I would like advice on how to go about achieving fast-rendering aerial fly-overs/throughs that are also appear realistic. At this stage I am happy to have ANY terrain/cloudscape as long as it can pass off as realistic and I can render it on my i7quad core 2.66 in a reasonable amount of time. Say an hour a frame max. I am also looking at trying to raise money to put this through a render farm as a last resort.
I guess my questions are :
What are Terragen's core strengths when aiming for photo-real results?
What does it do best and fastest?
What types of terrains/cloudscapes should I be concentrating on creating in order to achieve my goal?
What terrains render fastest? What clouds render fastest?
I know this is a real rambling newbie kind of topic but I would still really appreciate any help or advice.
Briefly said: if you have really large, high clouds (and several layers of them) and very much detail and transparency in your terrain, as well as soft shadows, lots of objects, render time increases. So for fast movement I wouldn't put too much intricate detail in the terrain, and perhaps use no transparency in your water surface, but just the reflection. If you're not flying through clouds, and you don't need too much attention on the clouds, you might even consider using a backdrop of a cloudscape.
I'm sure there will be others chiming in with some good advice.
After you build your backgrounds in TG, take them and your model into after effects and use Element3D. E3D was built from the ground up for this exact purpose. There are even a ton of tuts to show you exactly how to do it.

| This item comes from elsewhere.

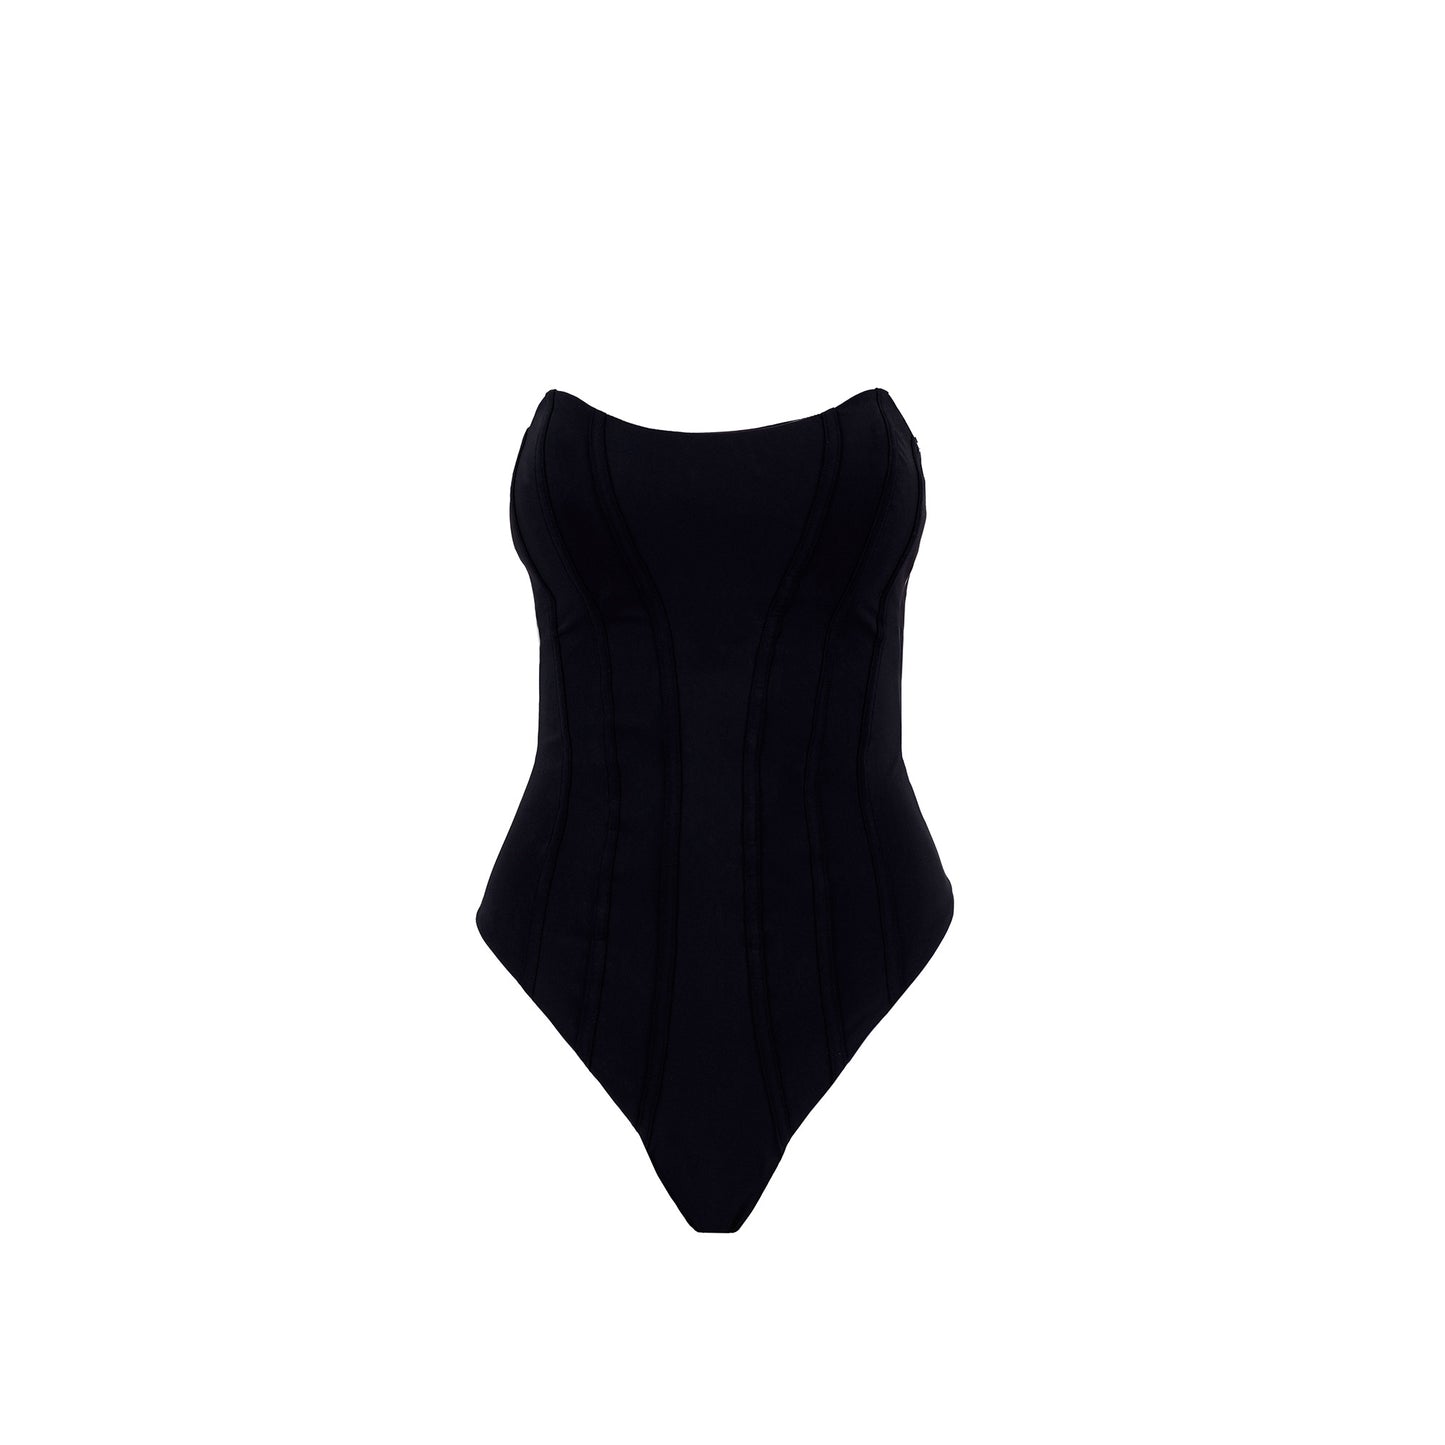 Black IVY one-piece swimsuit

The result you will get if you do the work will be vastly easier to control, and I dare say visually (aesthetically) superior to your example image. For example, your jet looks like a toy model when set against the giant backdrop. Scale will be a cinch for you to perfect in the workflow I suggested.You will also have the benefit of quick control over reflected light on your object from background as well as color. You will even be able to duplicate the objects and quickly and easily change textures for multiple variations of similar objects. Additionally, once you set up your models correctly you will be able to animate them (landing gear, pilot head, missiles, after burn, combat interaction ect.) with ease.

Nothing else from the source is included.